Our finished product, although the dome is still covered with etched flowers it’s much easier on the eyes and up to date.

For example check out this lovely bathroom combination of brass switchplates, faucet, vanity lighting, mirror and medicine cabinet, (plus, of course, lovely golden oak!

)This was really a nightmare because the valve which supports the shower handle would only accept Price Pfister faucets manufactured before 1994. Option 3: Repaint This is the cheapest option (other than remove) and although it isn't as nice as having new fixtures, it is pretty darn close.

I finally got around to fixing her up with a new outfit. I ran the glass parts through the dishwasher and wiped down the rest to make sure it was dust free. I laid the rings on some newspaper, but found that it stuck and left little pieces, so I moved to the garden ornament/paint can drying method. I hung the actual fixture from a tree in my backyard and coated it with a coat of primer and two coats of black.
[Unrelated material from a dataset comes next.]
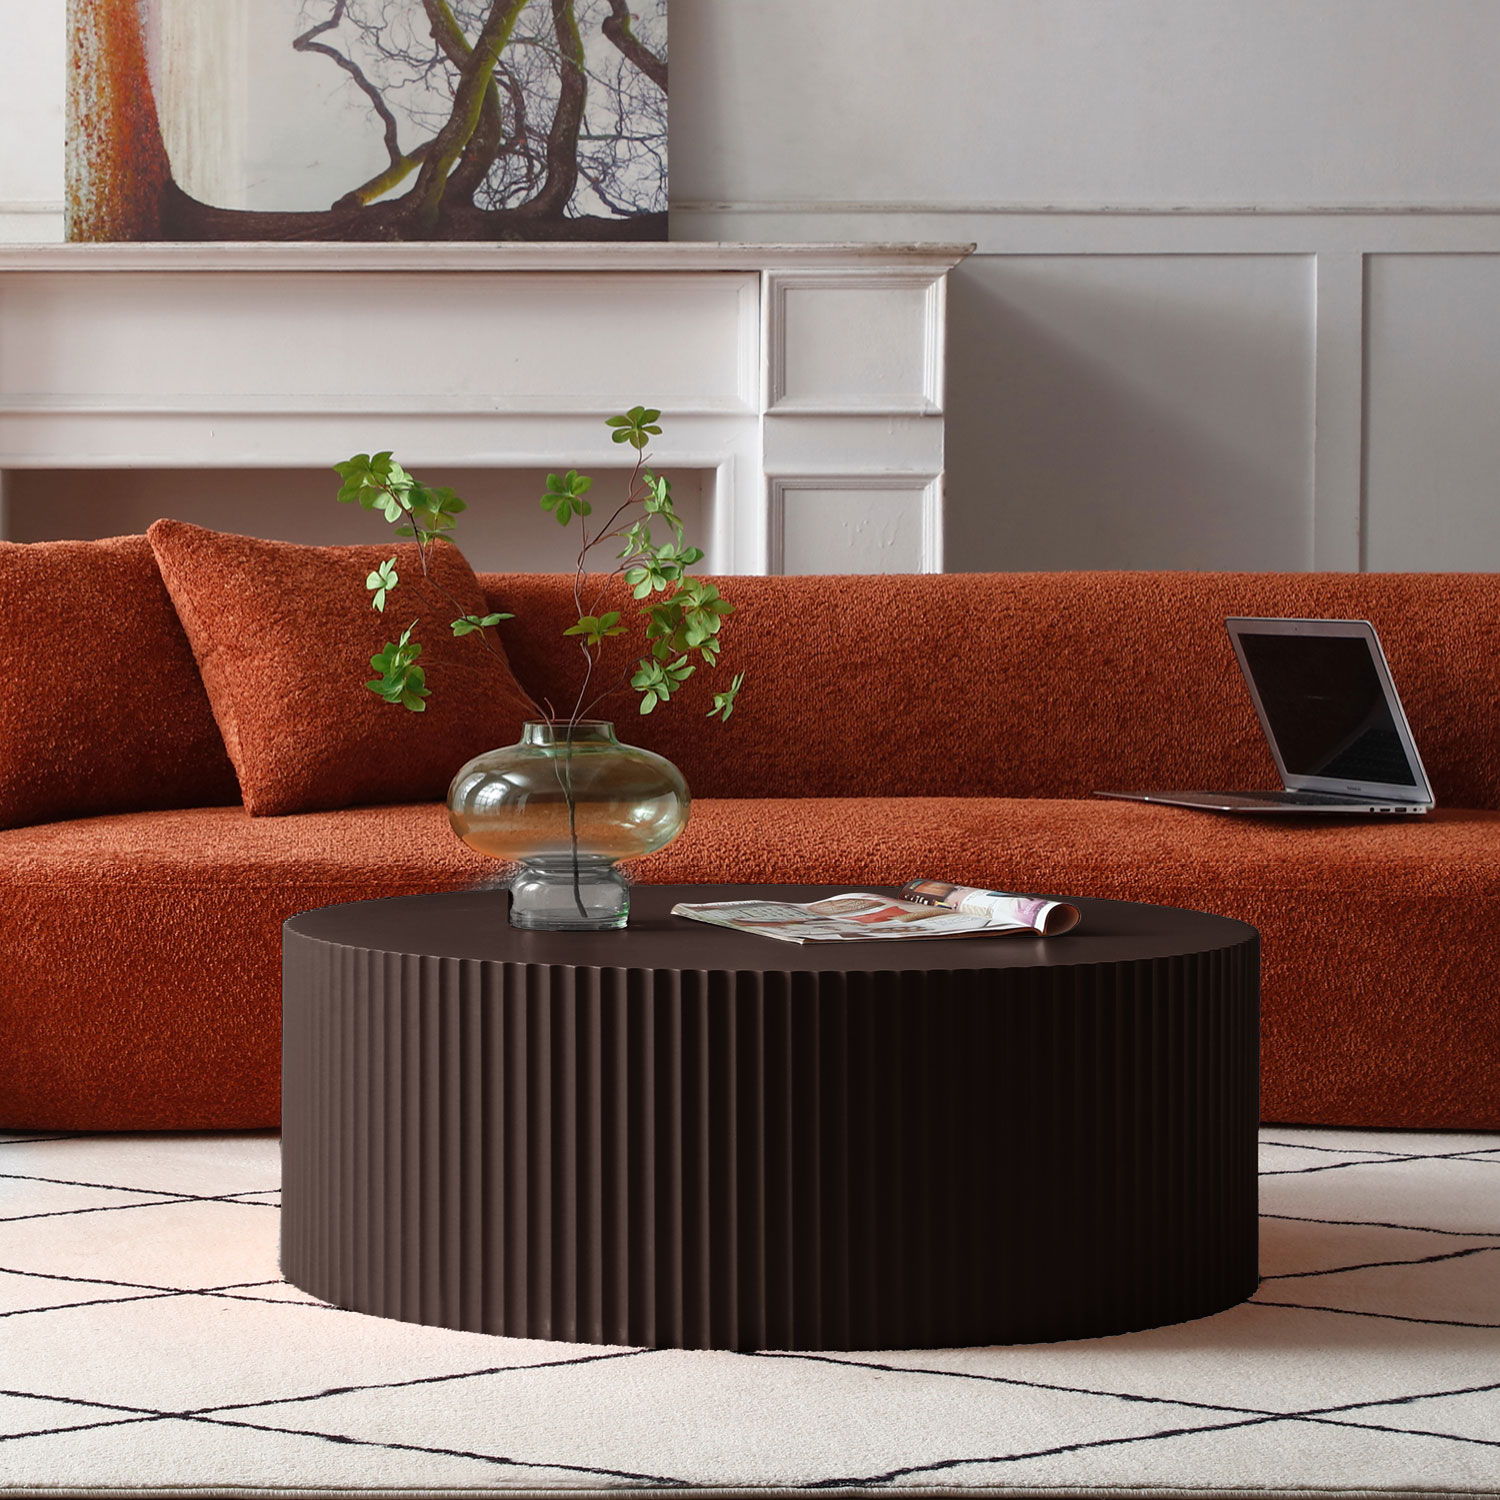 Artisanal Round Coffee Table With Handcrafted Relief And Stunning Painting Finish, Brown
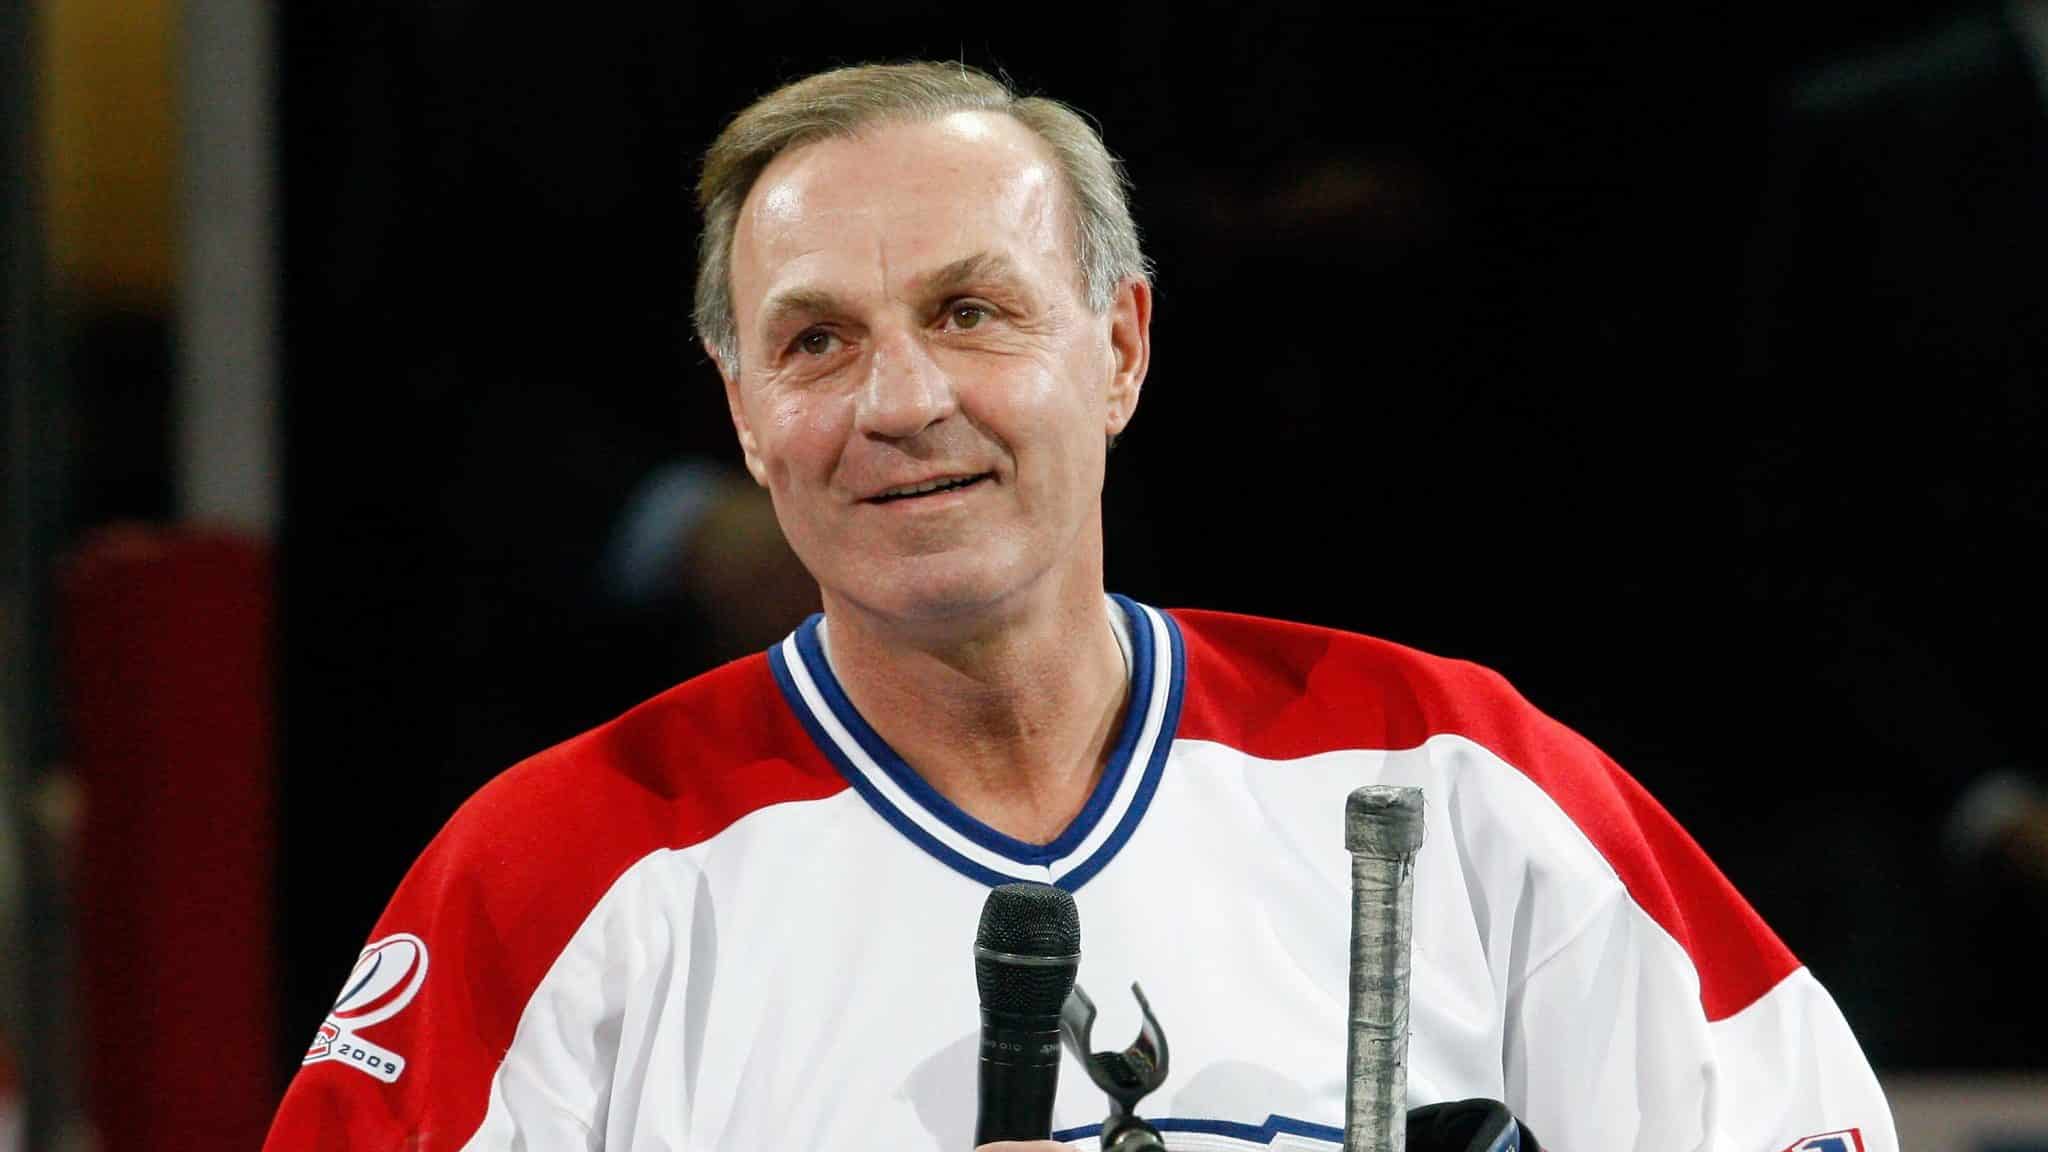 MONTREAL- DECEMBER 4: Former Montreal Canadien Guy Lafleur speaks to fans during the Centennial Celebration ceremonies prior to the NHL game between the Montreal Canadiens and Boston Bruins on December 4, 2009 at the Bell Centre in Montreal, Quebec, Canada. The Canadiens defeated the Bruins 5-1.

I chose a sleek black, mostly because I could not find oil rubbed bronze spray paint. Here is my disclaimer: follow the directions for drying times on your paint.) A little light sanding, a few coats of brushed nickel and a topcoat of clear flat and you end up with this: Sure beats spending 0 on a new lock set!I also sprayed my doorbell (which was trimmed in brass) and my intercom box (again, BRASS! In the bathroom example, I had a lovely brass trimmed medicine cabinet. First thing I did after buying the Rustoleum Metallics in chrome was test it out on the nasty old light fixture which was also brass.. (It was actually quite reflective) Bring on the cabinet!Therefore I had to use a retro trim kit for the actual hardware and splash guard and used a new faucet set for the handle, spout, and showerhead. Let me introduce you to my new best friend: It was nasty, originally brass, but the shellac had come off and it was discolored and peeling.(this is actually my neighbors door, but mine look a lot like it!Next up on the list of things to paint is all the interior door knobs (since at 20$ a set, it would be in excess of 00 to replace ever single interior and exterior door and closet knob in the house.) Also, as mentioned previously, I am also using the same technique to give myself brushed nickel hardware on my cabinets when they get repainted.